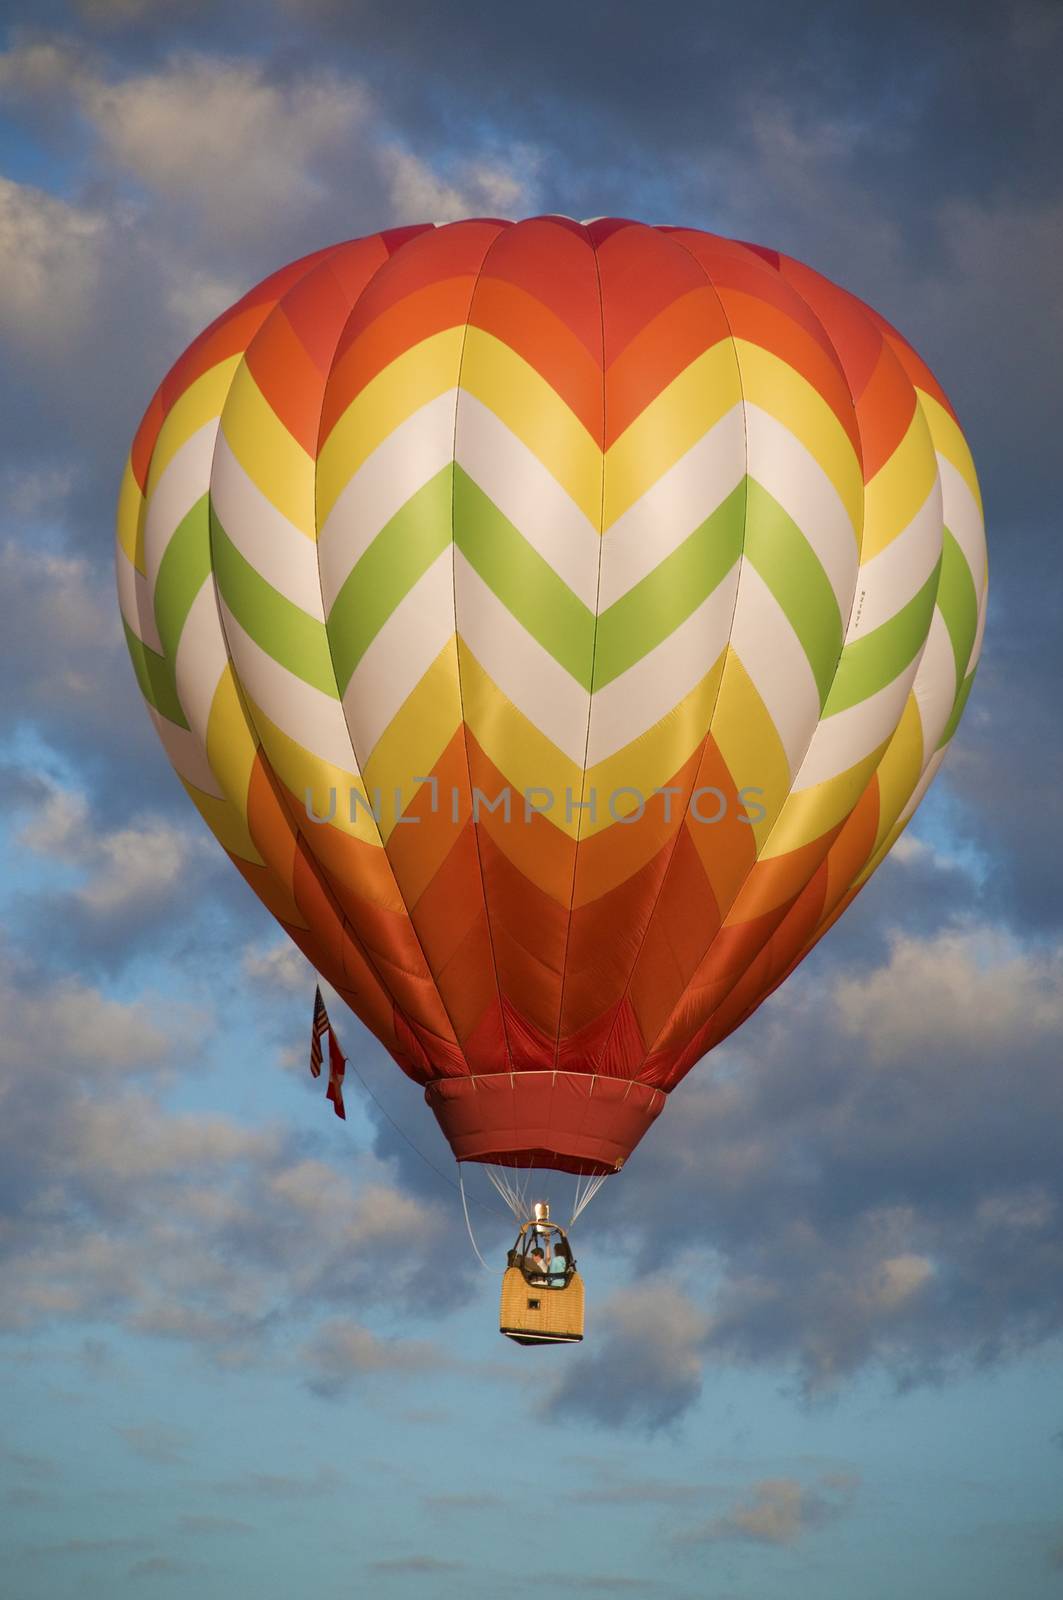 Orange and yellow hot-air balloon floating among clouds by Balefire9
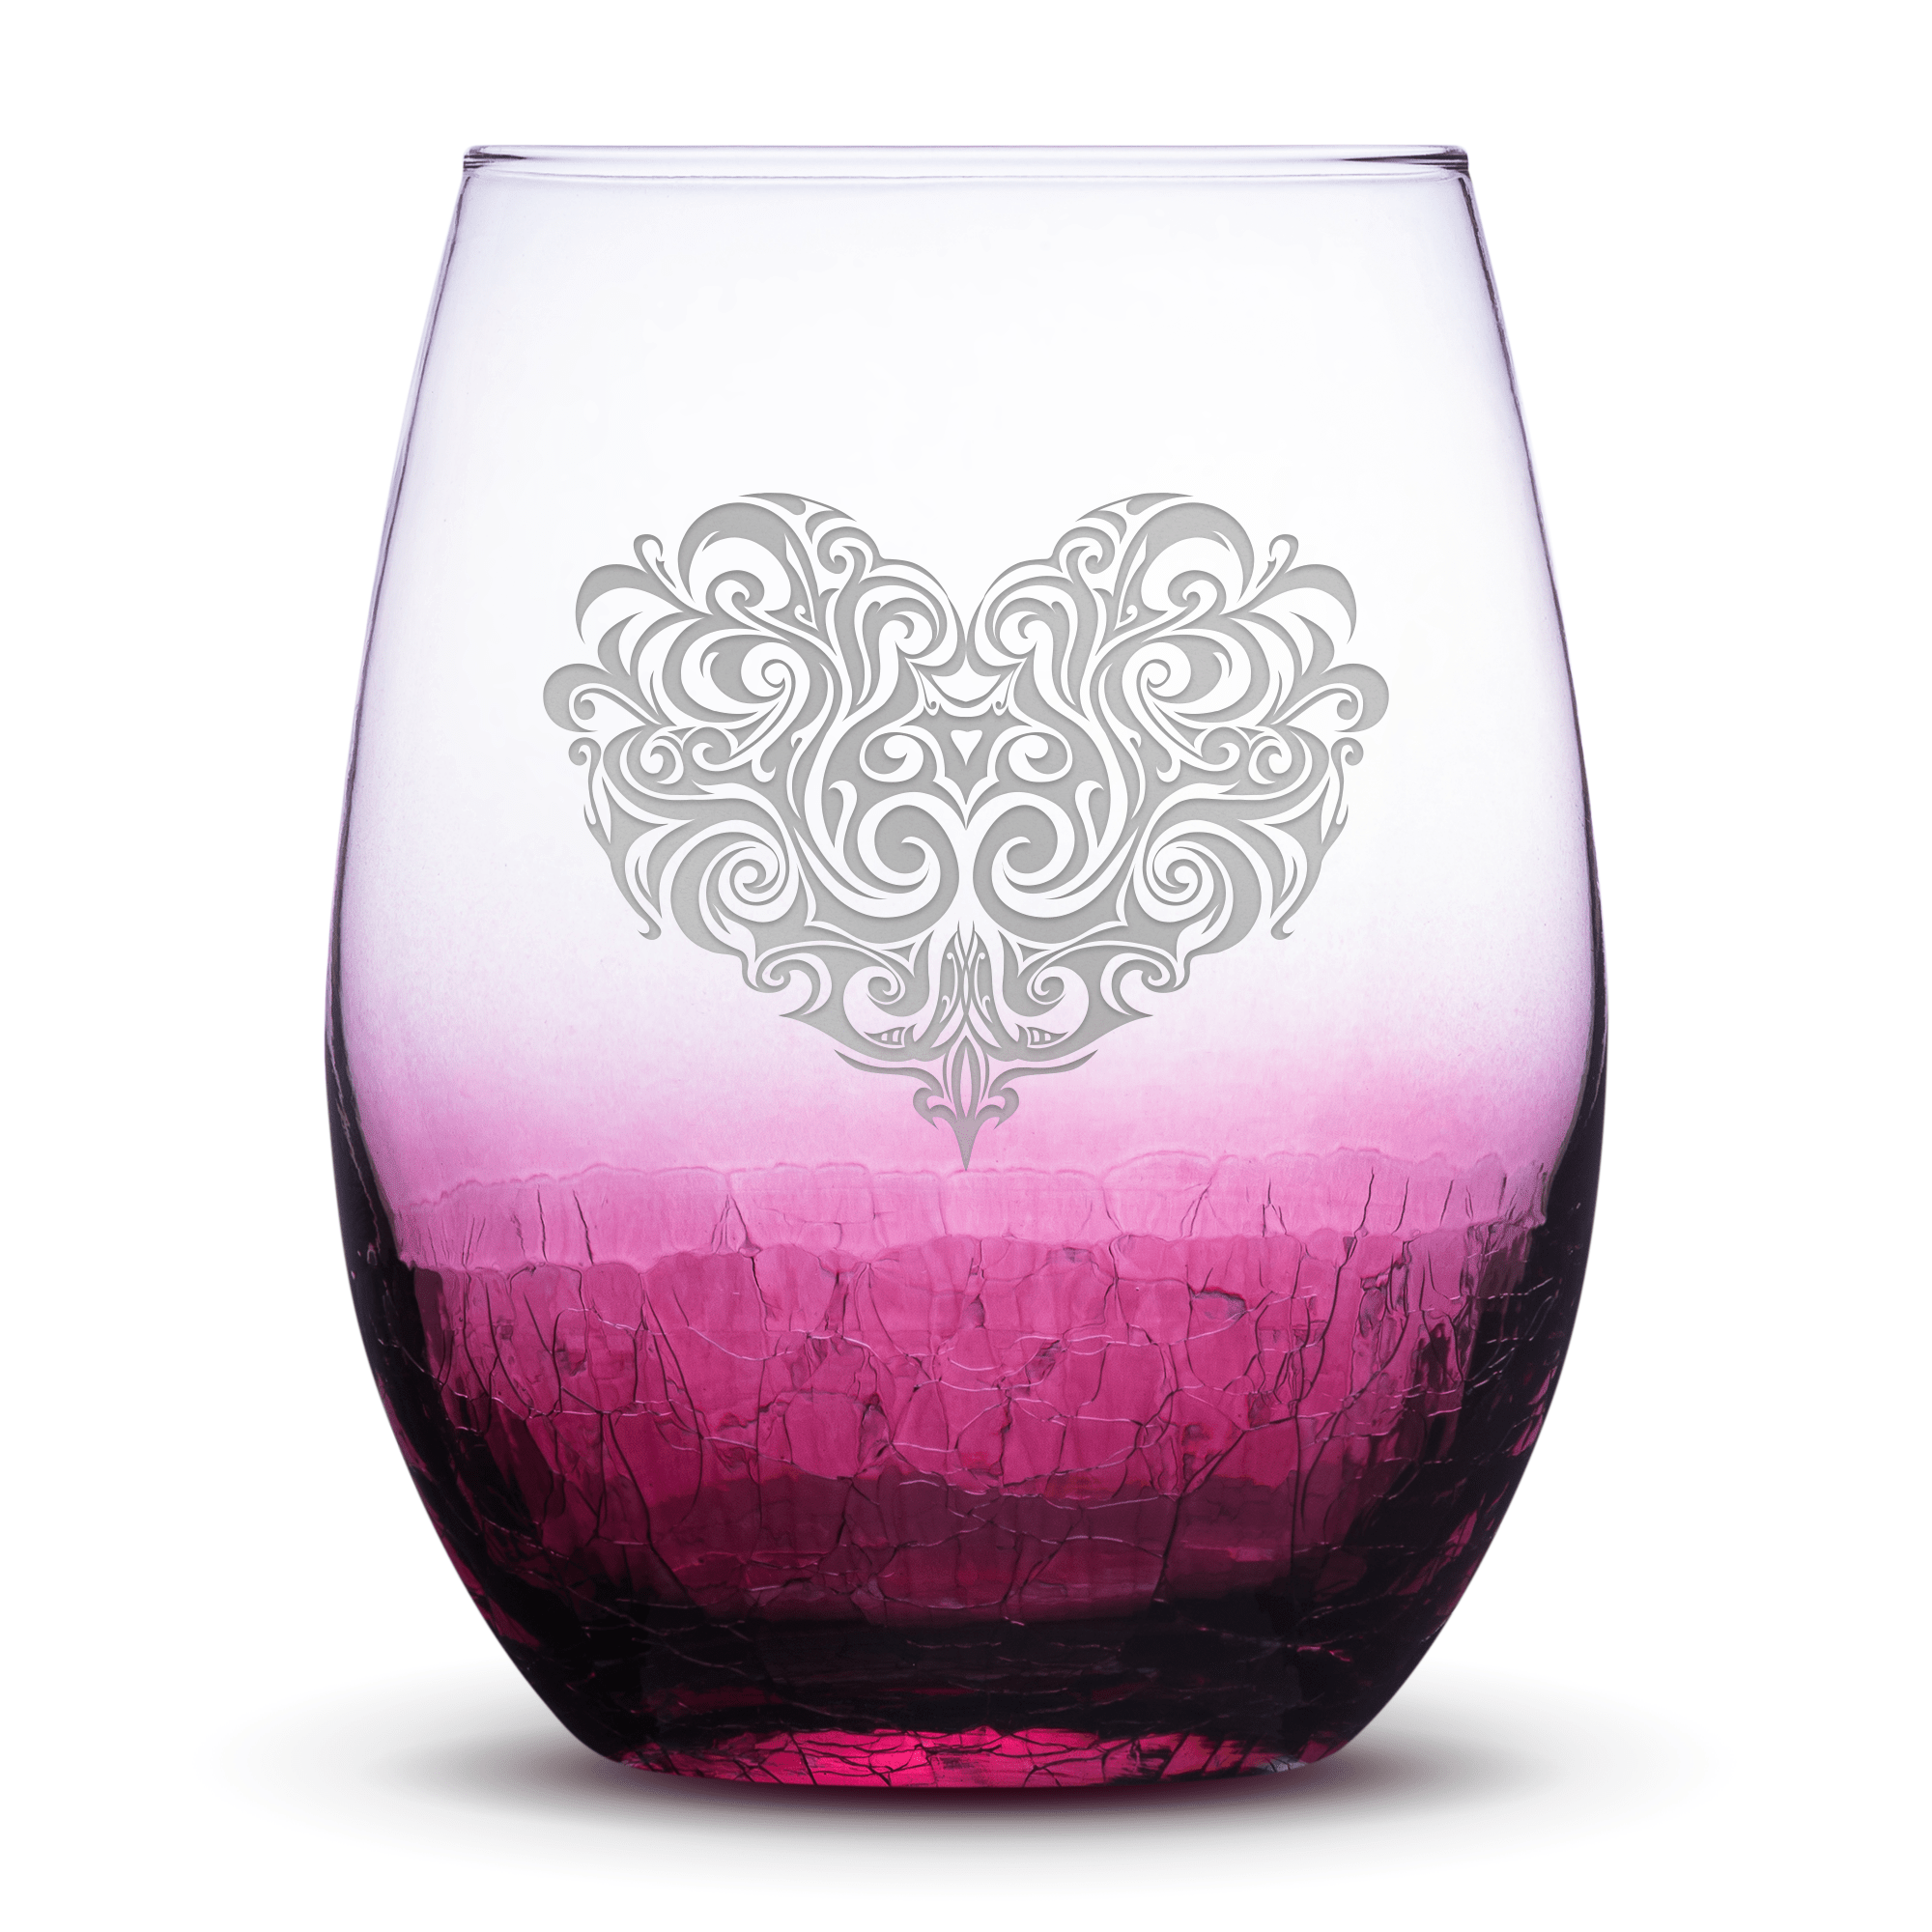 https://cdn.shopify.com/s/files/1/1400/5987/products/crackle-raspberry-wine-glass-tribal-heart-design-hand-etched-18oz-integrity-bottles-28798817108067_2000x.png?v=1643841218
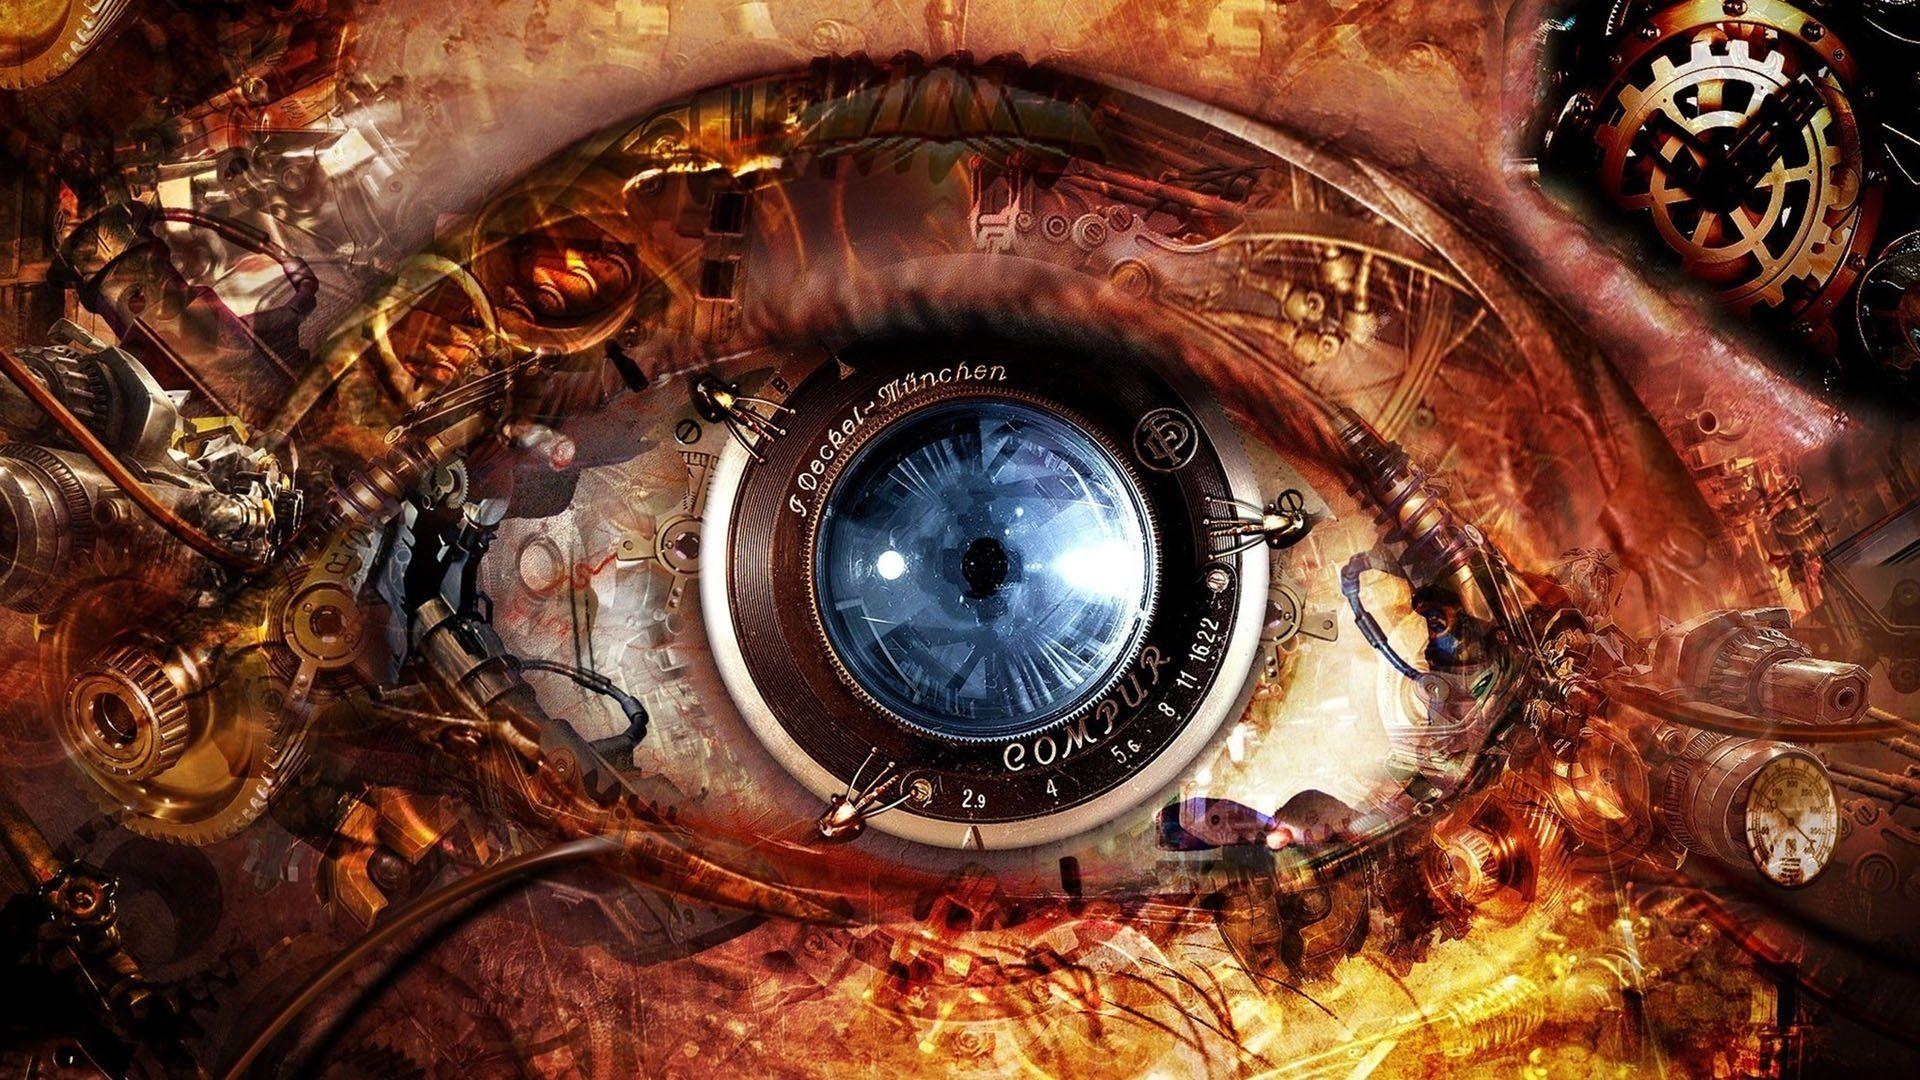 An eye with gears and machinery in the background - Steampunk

● **What you have to do**:
Apart from the images, reproduce the listing exactly as it appears.

● **Expected answer**:
 Orange and yellow hot-air balloon floating among clouds by Balefire9
 https://cdn.shopify.com/s/files/1/1400/5987/products/crackle-raspberry-wine-glass-tribal-heart-design-hand-etched-18oz-integrity-bottles-28798817108067_2000x.png?v=1643841218
 An eye with gears and machinery in the background - Steampunk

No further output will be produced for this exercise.